▸ **ACTIVITY**
Retype all data exactly as given. Pictures should not be retyped.

___ STORED DATA

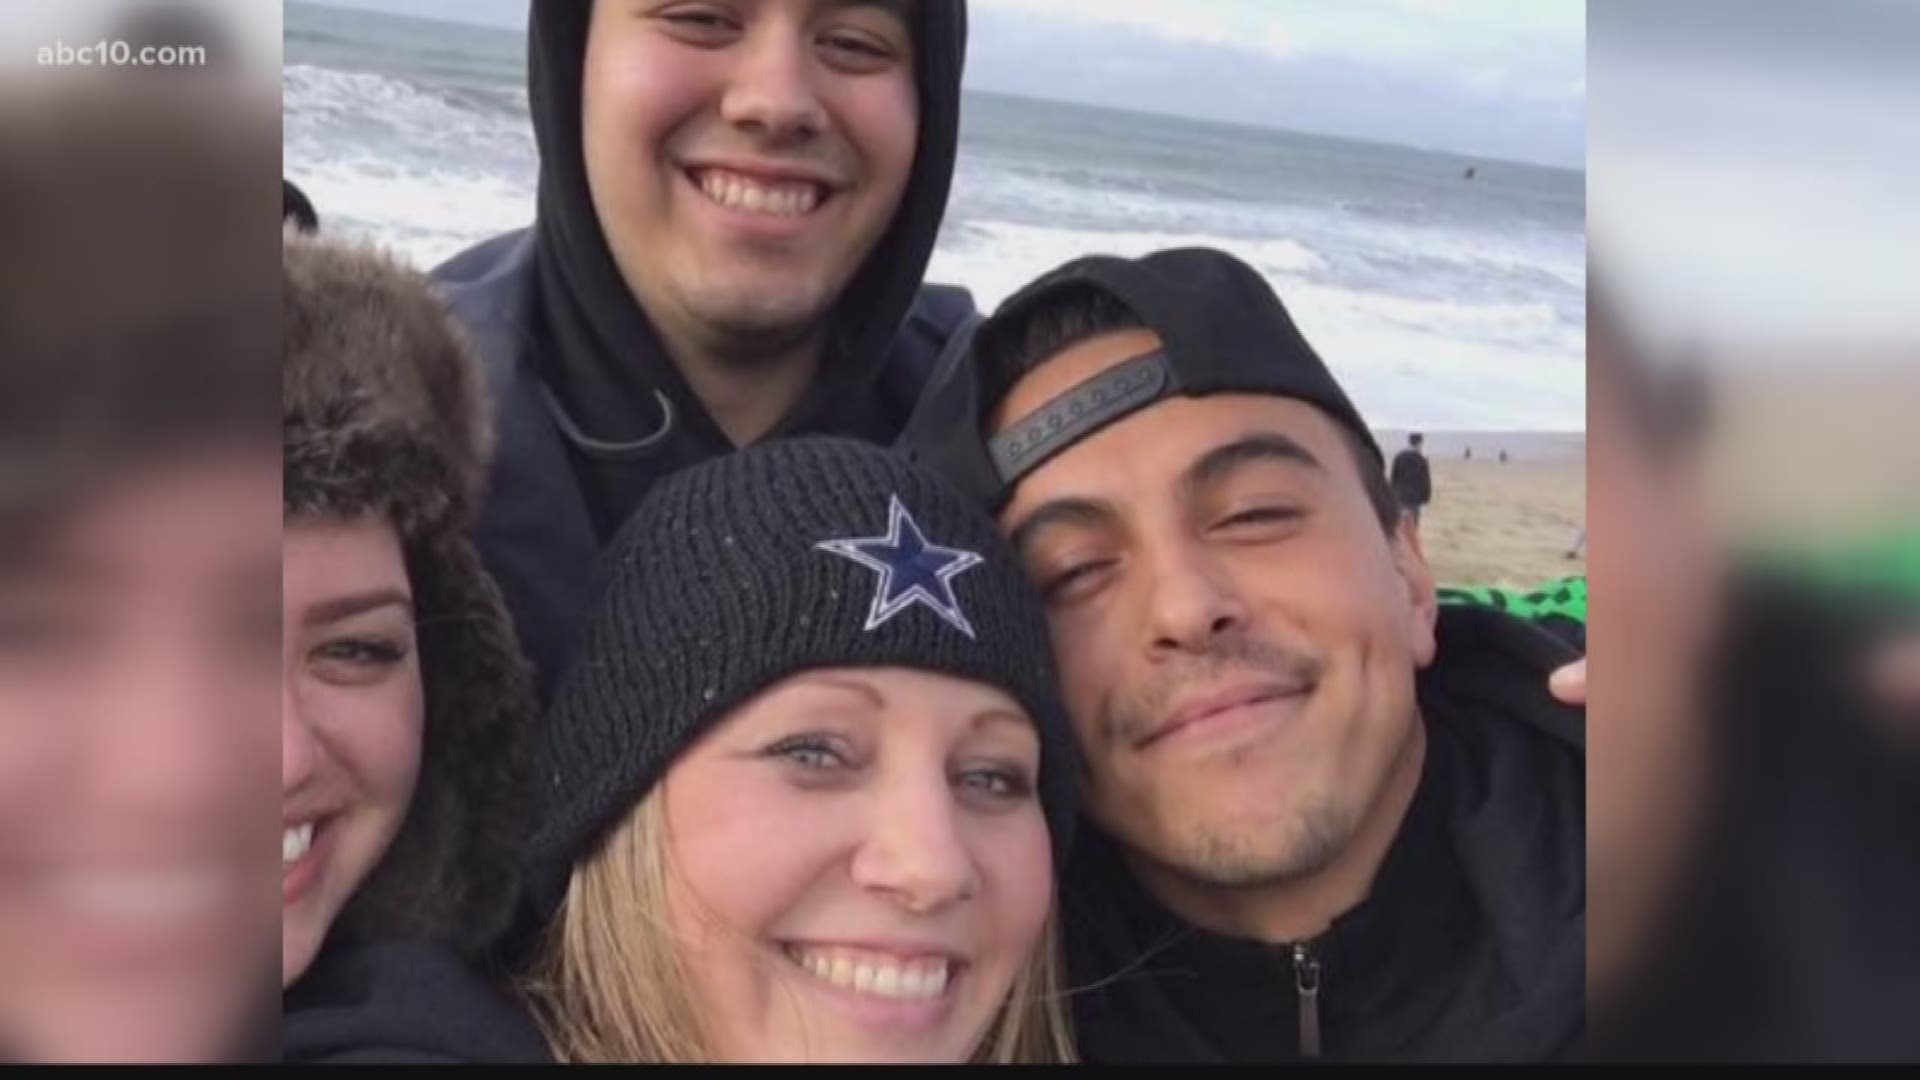 Family, friends and co-workers are mourning the loss of Antonio Navarrete -- a young, bartender at the popular Sacramento restaurant Zocalo -- who was killed by a drunk driver early Saturday morning.
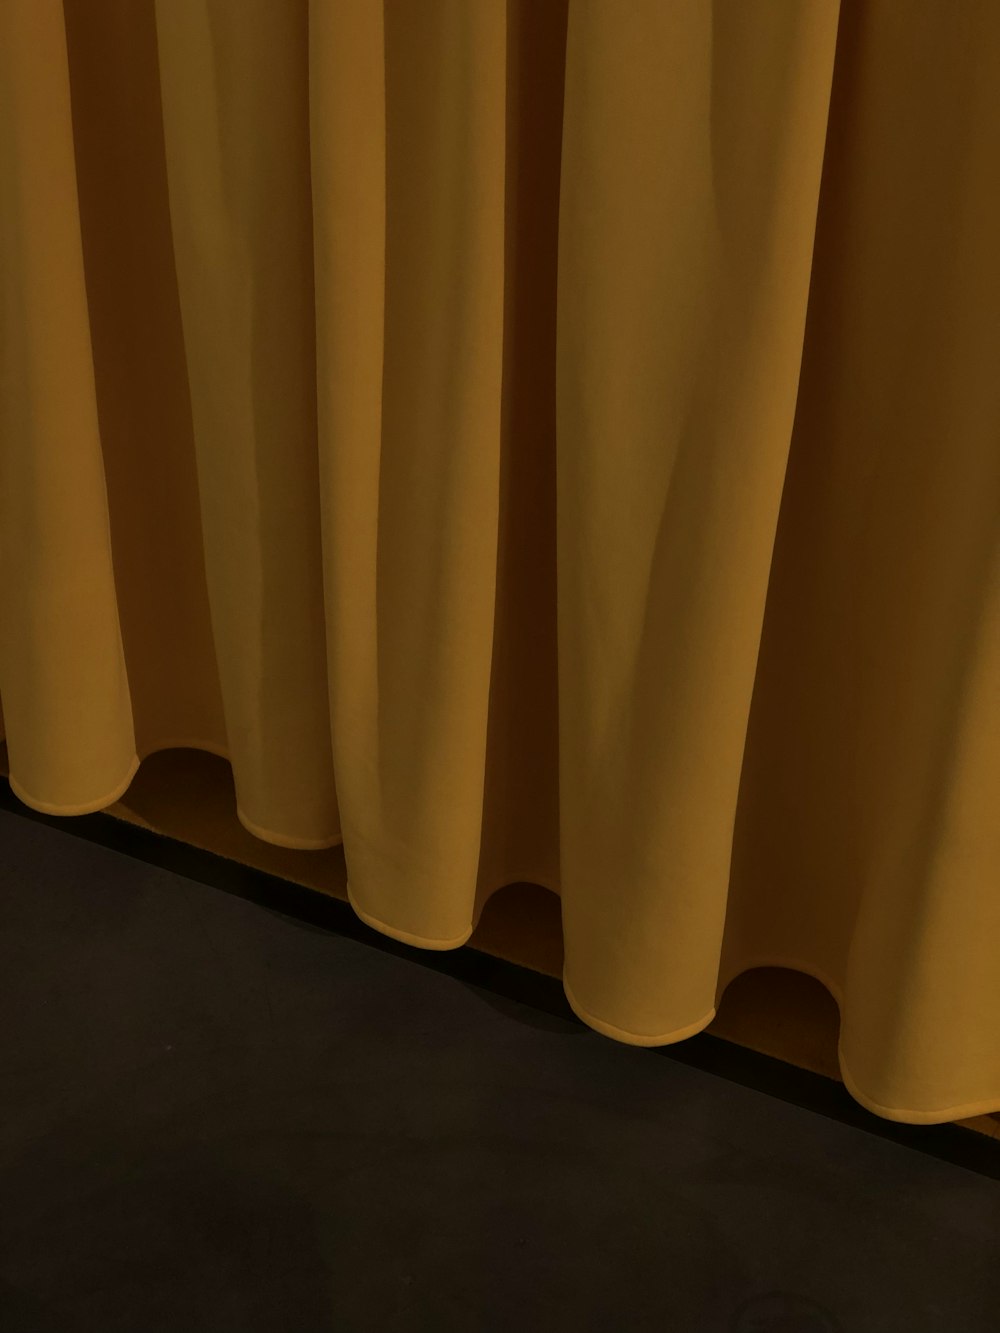 yellow curtain on brown wooden floor
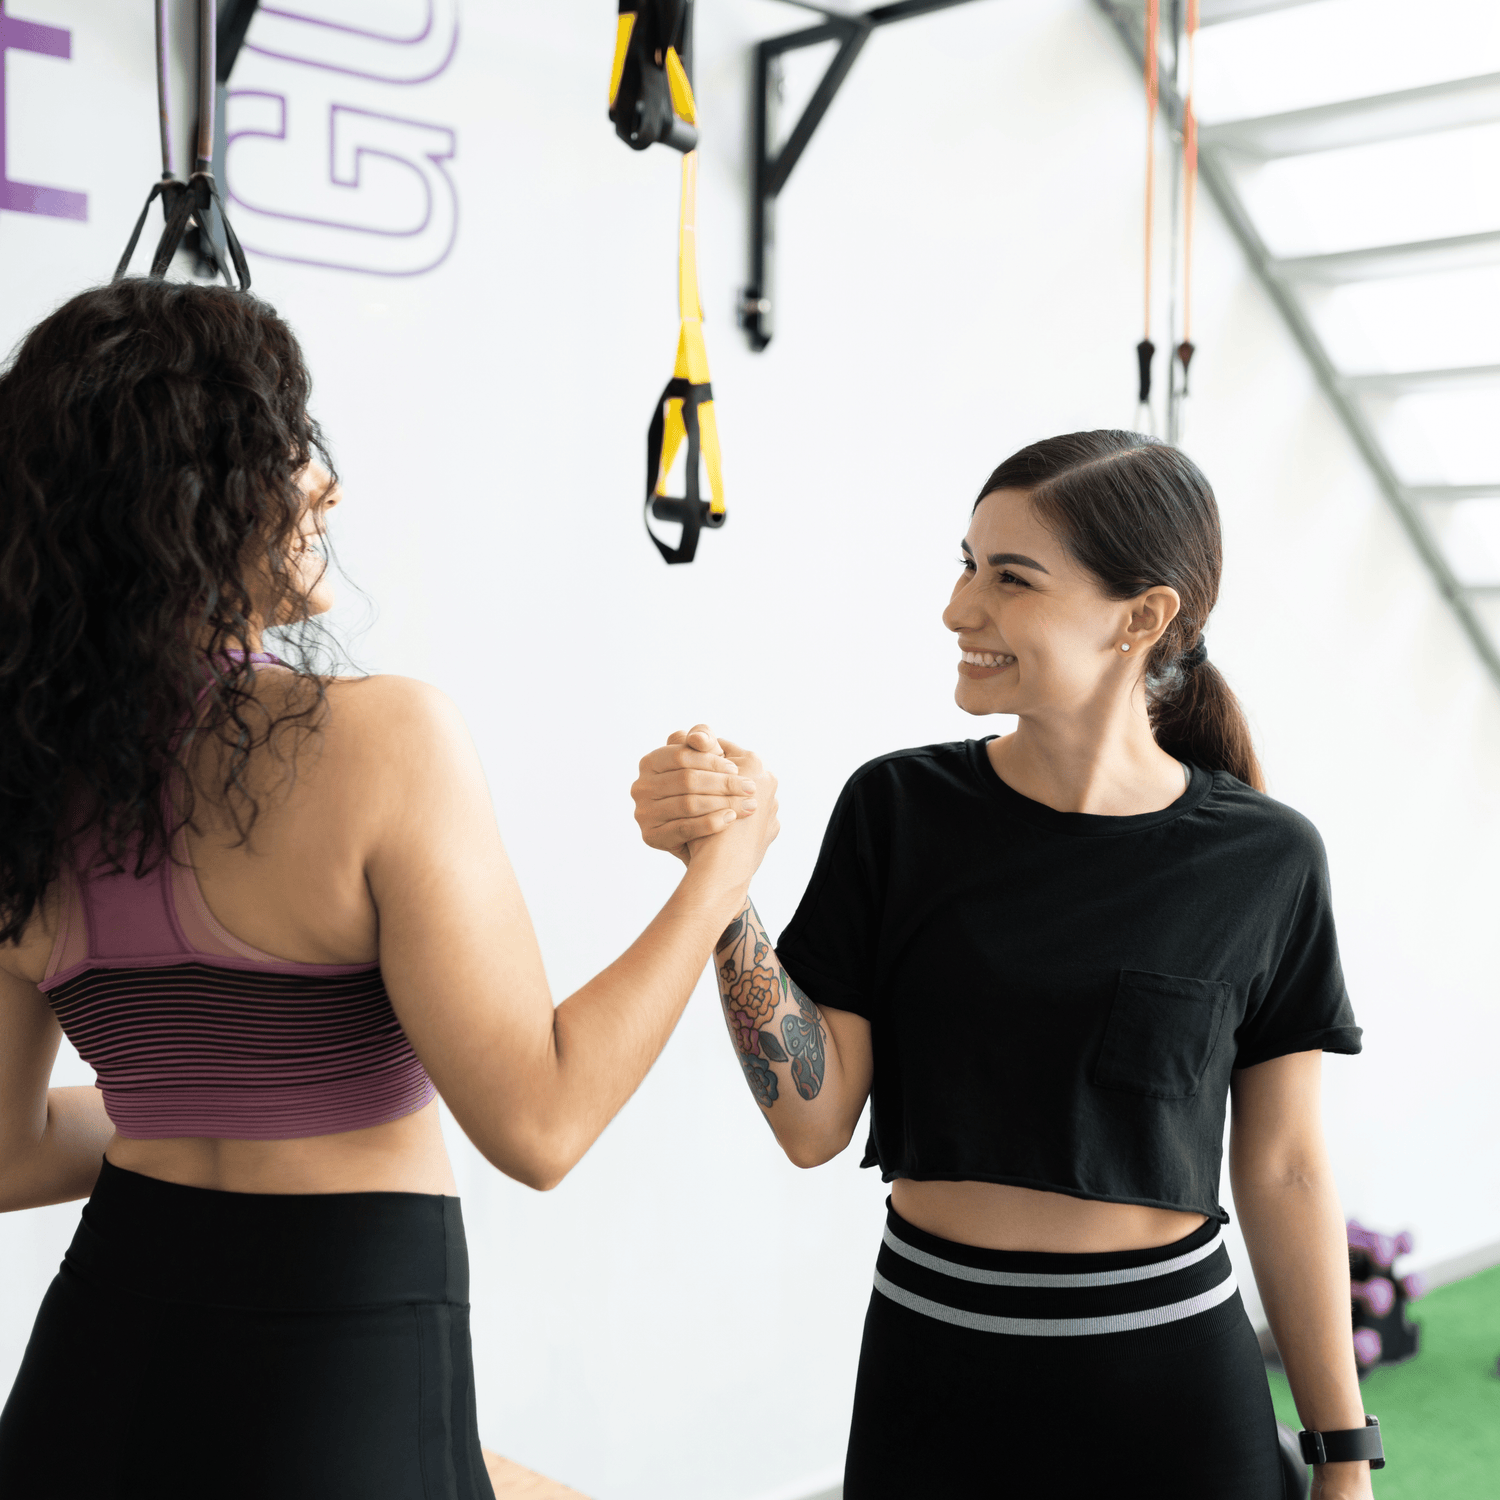 4 ways to feel more confident in the gym

______

▸ **TASK OUTPUT**
 Family, friends and co-workers are mourning the loss of Antonio Navarrete -- a young, bartender at the popular Sacramento restaurant Zocalo -- who was killed by a drunk driver early Saturday morning.
 yellow curtain on brown wooden floor
 4 ways to feel more confident in the gym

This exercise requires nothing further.